Advancing Food Innovation
Just as consumer demands have changed how we respond to problems with food, the FDA supports industry as it develops and implements new technologies in food and veterinary products. This includes biotechnology products. Although neither traditional human nor animal food products require pre-market approval, new foods and new ingredients such as food and color additives must be reviewed to determine that they will be safe for the ways in which they'll be used. We want to improve the timeliness of these reviews and eliminate unnecessary burdens to industry related to the premarket safety reviews of these food ingredients. We've requested additional resources to help us meet these important objectives.

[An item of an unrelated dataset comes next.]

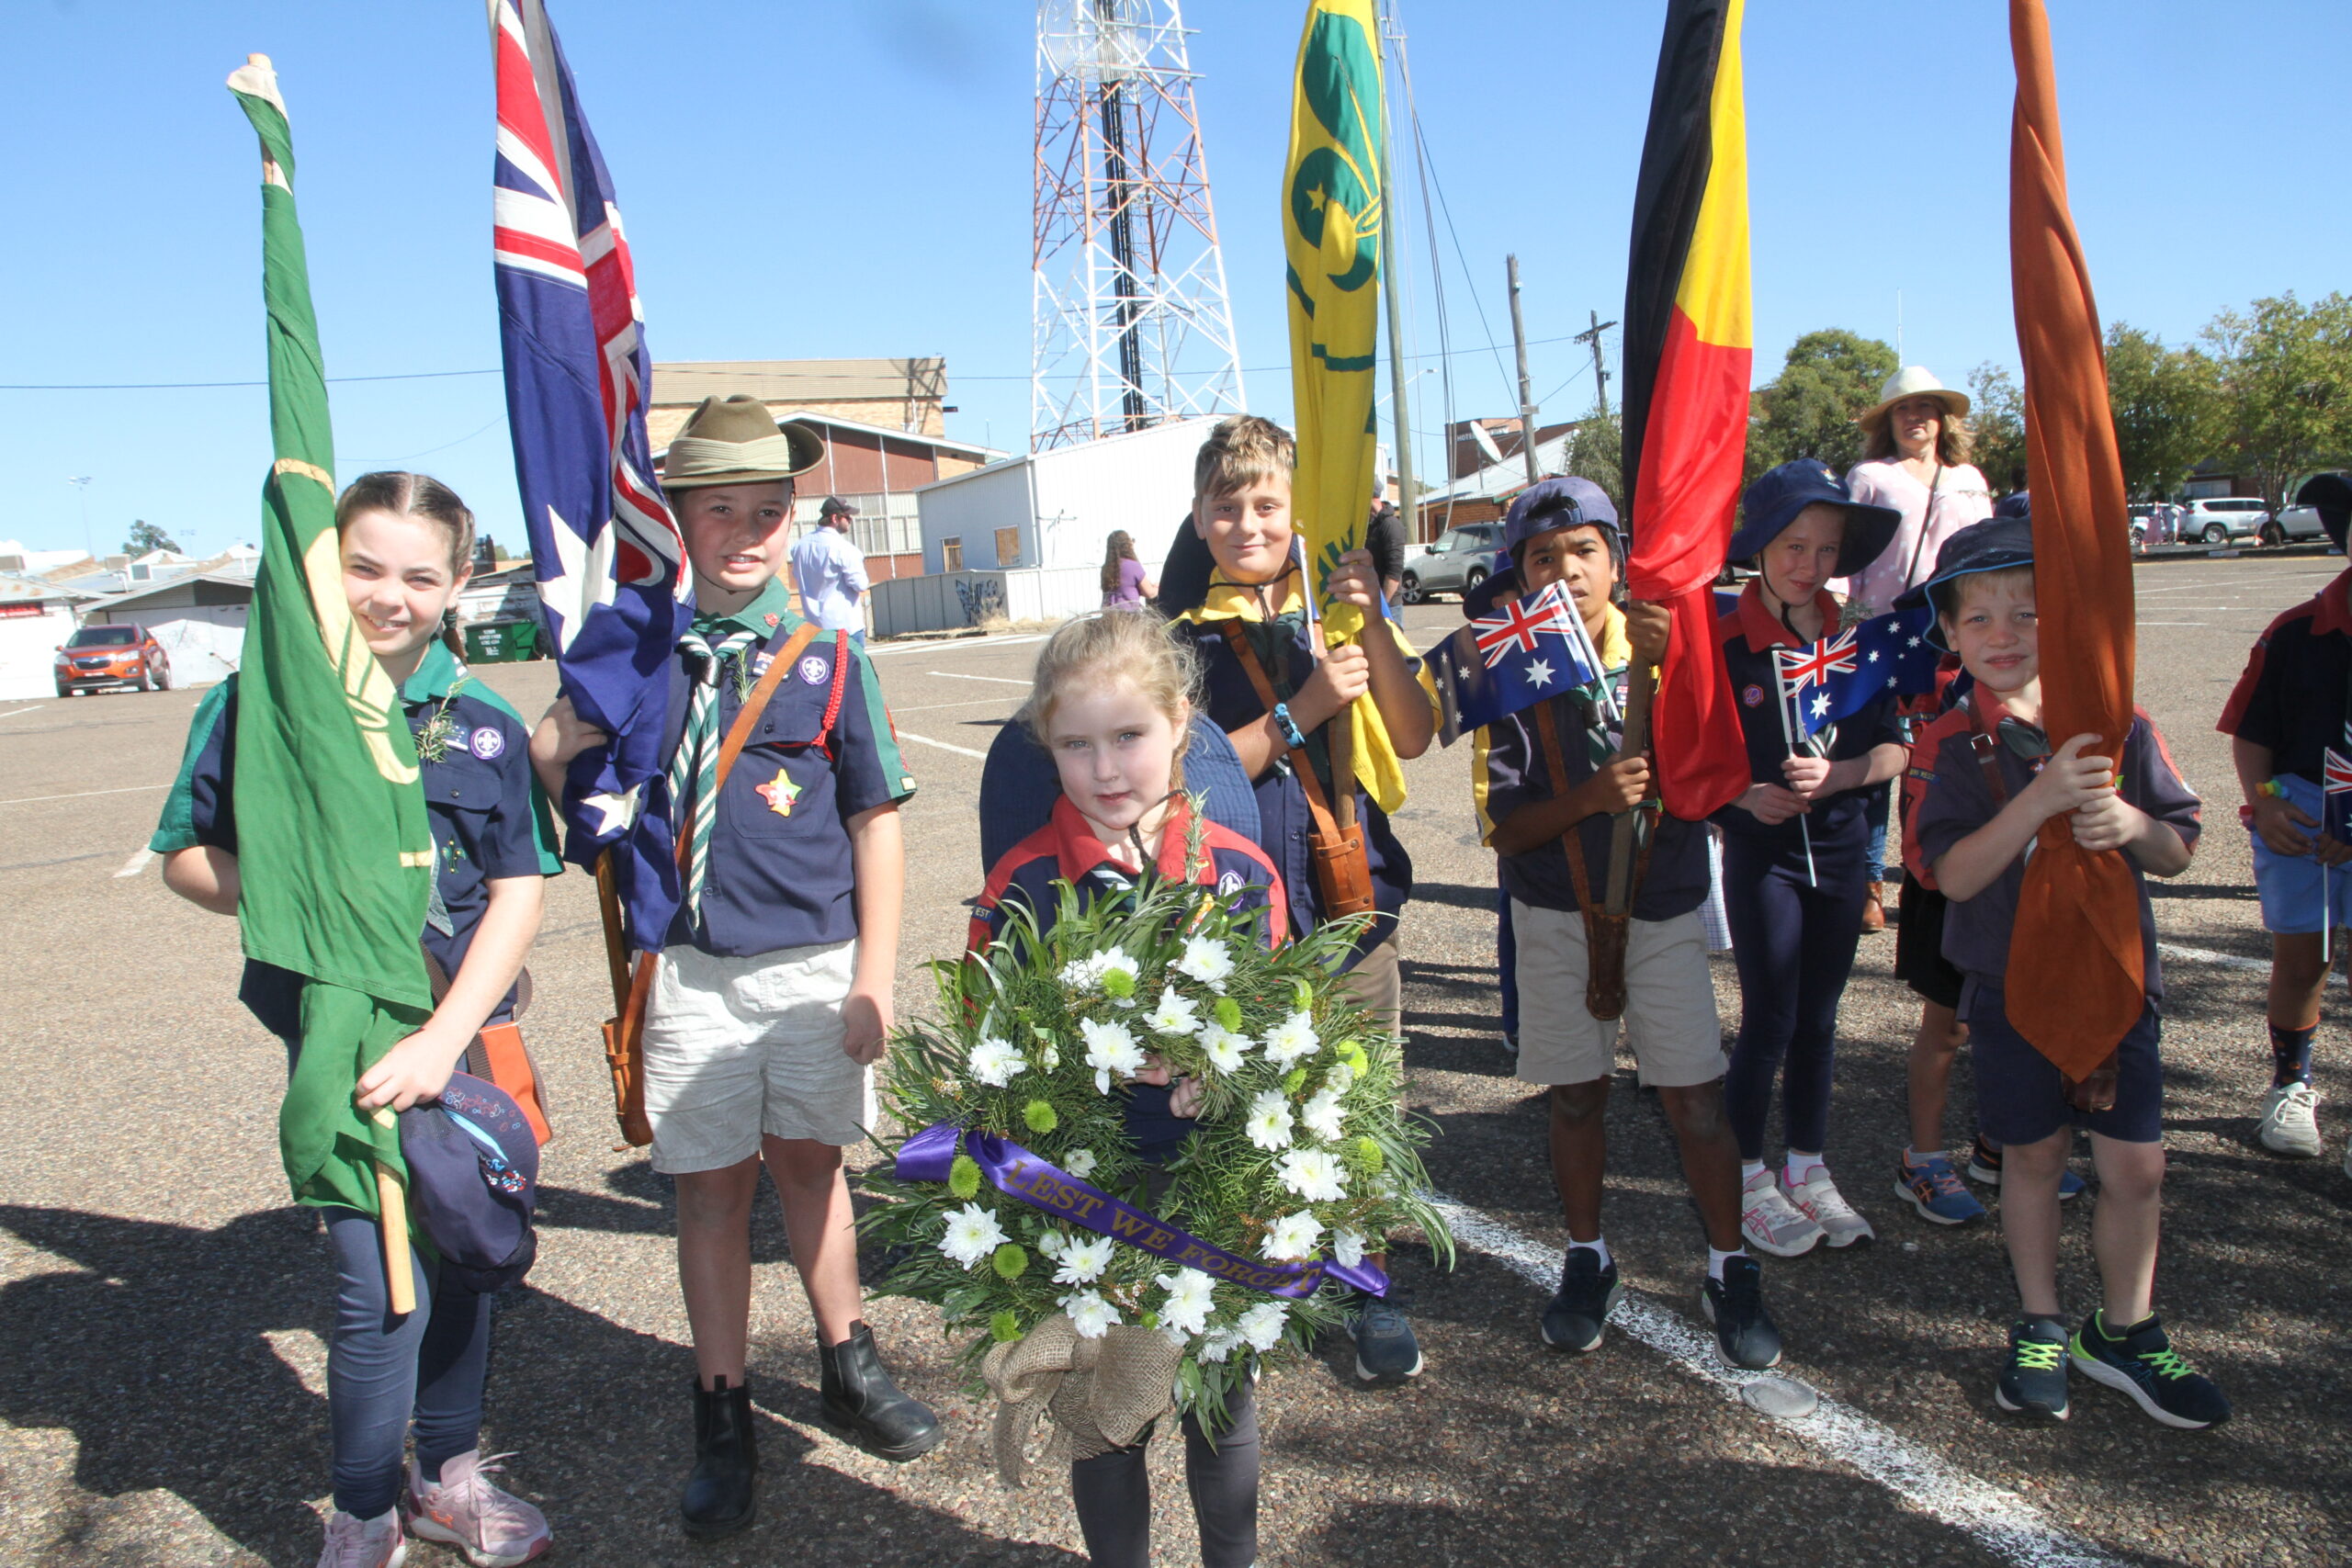 The Scouts - back, Millie Crossing, Ethan Harris, Jordan Dunn, Michael Clayton-Harris, Lillian Davies, Harry Crossing, Harry Dunne (obscured), Lachlan Dunn, and front with wreath, Rosie Davies,

Biotechnologies are enabling the development of many promising, innovative food products, such as genome-edited animals and plants. At the same time, we are seeing increased interest in the development of new protein sources, such as cell-culture technology. Part of our public health mission is to advance these promising innovations and to ensure they're safe, and that they don't have any unintended consequences.
Last fall, the FDA announced a new Plant and Animal Biotechnology Innovation Action Plan. Our plan is focused on advancing policy priorities the FDA will pursue to clarify our science-and-risk-based approach for product developers; avoiding unnecessary barriers to future innovation in plant and animal biotechnology; and securing their safety and our public health mission. In the 2020 Budget, we've requested additional resources to ensure that the FDA continues to keep pace with the increasing requests for review of new products.
We're dedicated to making sure the FDA continues building a modern, prevention-based food safety system. We believe that the additional resources requested from Congress will help our program better protect our nation's food supply and lay the foundation for efforts to create a new era of smarter food safety in which new technologies can provide innovative products, help us better detect outbreaks, and better track and trace foods in the supply chain to prevent contaminated foods from reaching consumers.
The FDA, an agency within the U.S. Department of Health and Human Services, protects the public health by assuring the safety, effectiveness, and security of human and veterinary drugs, vaccines and other biological products for human use, and medical devices. The agency also is responsible for the safety and security of our nation's food supply, cosmetics, dietary supplements, products that give off electronic radiation, and for regulating tobacco products.